Even Clinton's description of the six poor areas themselves is grossly distorted.

Far from representing isolated exceptions, it would be more accurate to describe these blighted areas as the visible manifestations of an entire nation of the poor which goes entirely unmentioned and unnoticed by the media.

The conditions in these six areas are certainly terrible. The Pine Ridge reservation is in America's poorest county, with an official unemployment rate of 73 percent, plagued by alcoholism, with a male life expectancy of only 45 years. The poverty rate in East St. Louis is 40 percent, in Clarksdale in the Mississippi delta region, 37.4 percent. The per capita income in Watts is only $5,000, compared to $18,000 in surrounding Los Angeles County. In the six areas as a whole, 60 percent of all young people are neither working nor in school.

But Clinton did not have to board a jet plane or a Marine Corps helicopter to find such dire poverty. It exists only a few blocks from the White House—and it is only that far away because the Washington DC police have cleared the homeless from Lafayette Park. Every major American city has its blighted neighborhoods, where unemployment, poverty, drug abuse and other social evils rage unabated.

Twenty percent of all US children live in poverty, and their conditions have worsened in recent years, with the cutoff of welfare programs and the widening gap between rich and poor. According to one study, the number of people living in extreme poverty has actually risen from 13.9 million in 1995 to 14.6 million 1997, despite the booming economy. The government defines "extreme poverty" as an income less than half the official poverty level, or about $6,750 in annual income for a family of three.

This is an enormous number of people living at the bare margin of existence. If these 14.6 million in extreme poverty were a state, they would be the fourth largest, following only California, Texas and New York. Yet their very existence goes virtually unnoticed in media, government and corporate circles.

What Clinton offered to these poverty-stricken millions was also a lie. He claimed that the answer to mass unemployment and poverty was to encourage private business investment in blighted areas through a "New Markets Initiative" which the administration is proposing to the Republican Congress.

The federal government would offer $890 million in tax credits for corporations and businesses which made investments in the poorest city neighborhoods and rural areas, a program which, even if fully subscribed by private industry—something which no political or business analyst expects—would still represent only a drop in the bucket, about $6 billion in a $10 trillion economy.

Contradictions of capitalism

Clinton denied any social contradictions in America between rich and poor, declaring, in his last speech of the tour, “Every time we hire a young person off the streets in Watts, we are helping people who live in the ritziest suburbs in America to continue to enjoy a rising stock market.” How so?

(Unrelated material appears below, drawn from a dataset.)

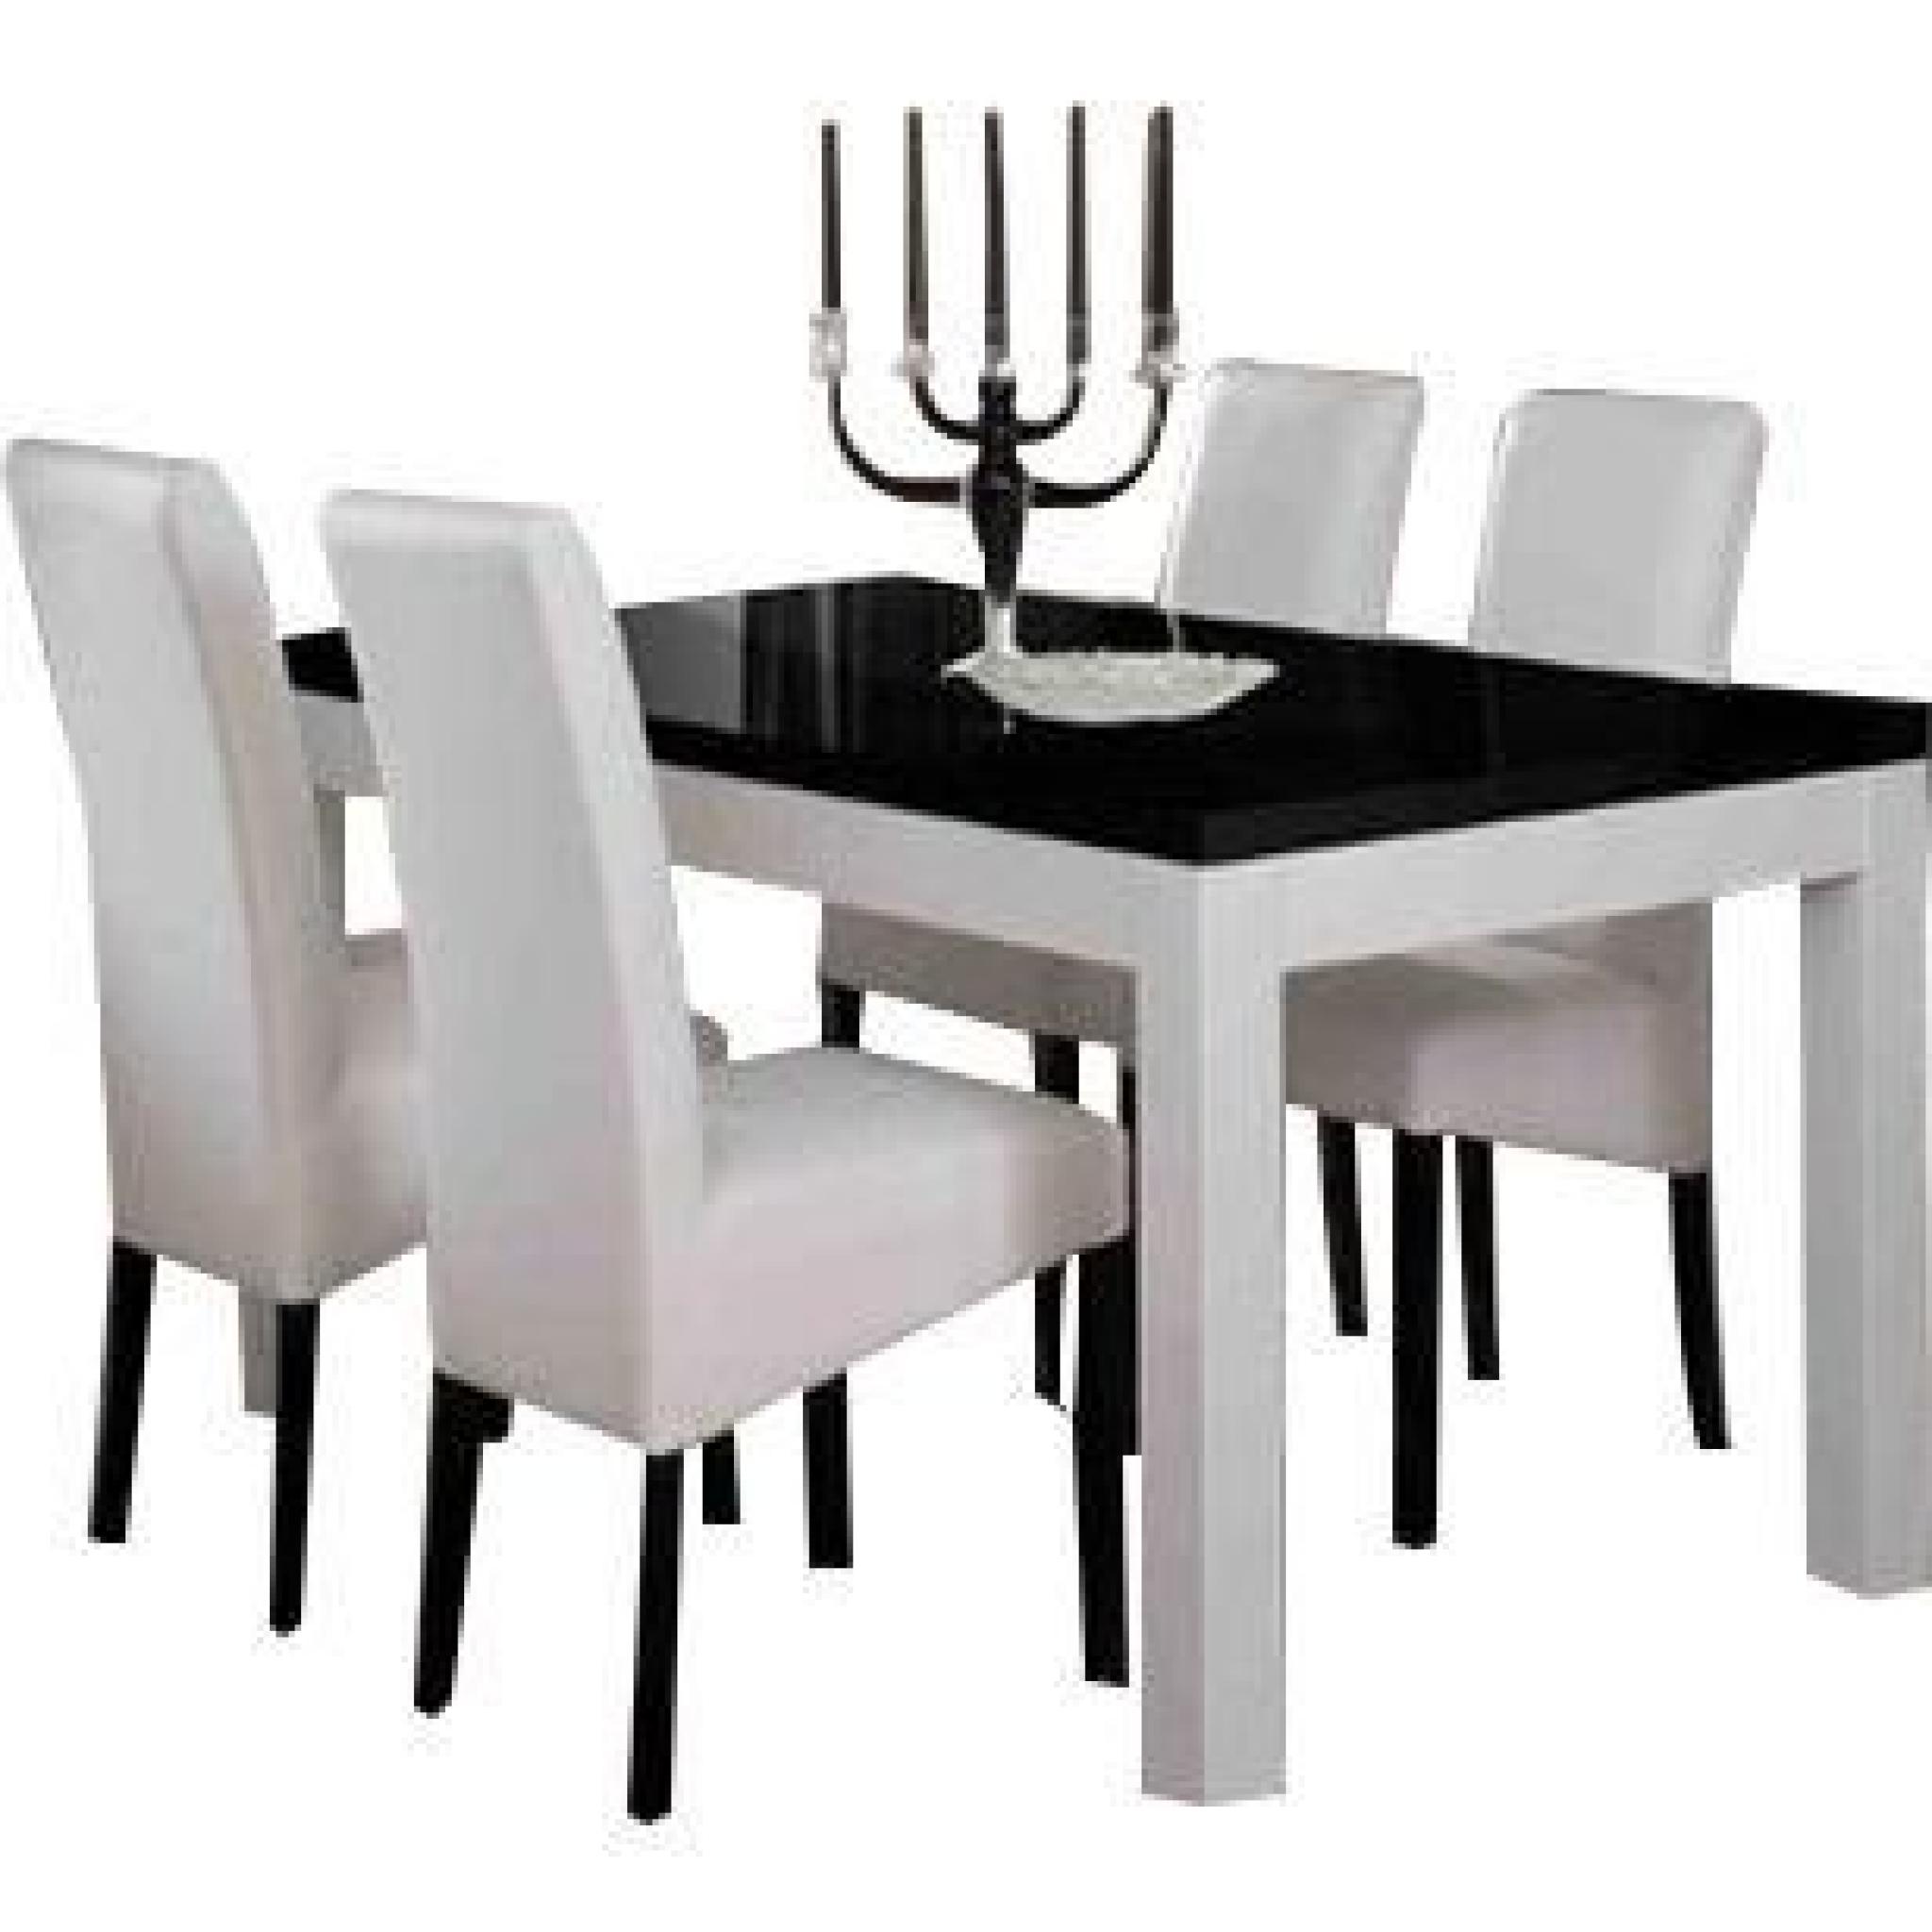 Table 190 cm blanc et noir + 4 chaises coloris blanc et noir

The stock market boom is directly related to the conditions in Watts in two ways: the boom has coincided with low inflation, i.e., the suppression of wages struggles and a steady deterioration in living standards for the working class, and especially its poorest layers. It is a well-known feature of the stock market that lower unemployment numbers are considered a negative for Wall Street, while higher unemployment is considered a positive.

In current media discussions of the US economy, the tight labor market is invariably cited as a major worry for investors, who are concerned precisely that the “young person off the streets in Watts” will no longer be exerting a downward pressure on wages.

Moreover, the stock market boom has coincided with social policies which deliberately worsened the conditions of the poorest sections of the working class in order to finance tax cuts for the wealthy. Clinton and the Republican Congress have joined forces both to terminate federal welfare programs and enact a huge cut in the capital gains tax.

The areas visited by Clinton are themselves monuments to the reality of class contradictions in America. Appalachia is a region, not of “natural” poverty, but of great mineral wealth. Billions in profits were extracted from the coal fields of West Virginia, Kentucky and other Appalachian states, feeding some of the great fortunes of the 19th century, and continuing to enrich corporate America in the 20th. But what do the children and grandchildren of the coal miners have to show for it?

The delta region of Mississippi is a rich agricultural area, but the conditions of life for those who labor in the fields and in food processing industries are abysmal. Watts too was the center of a large industrial area during the decades which followed World War II, before the closure of auto, rubber and steel plants.

The entire premise of the anti-poverty effort is bogus. In portraying severe poverty as though it was an aberration, in which isolated areas have unaccountably failed to share in a national bonanza, Clinton denies what is understood, not only by socialists, but by all serious and conscientious analysts of the growing social polarization in America. Poverty is not an accident or a mistake, but an inevitable byproduct of the operation of capitalism as a social system, a result of the vast transfer of wealth from the working people, society's producers, into the pockets of the corporate elite.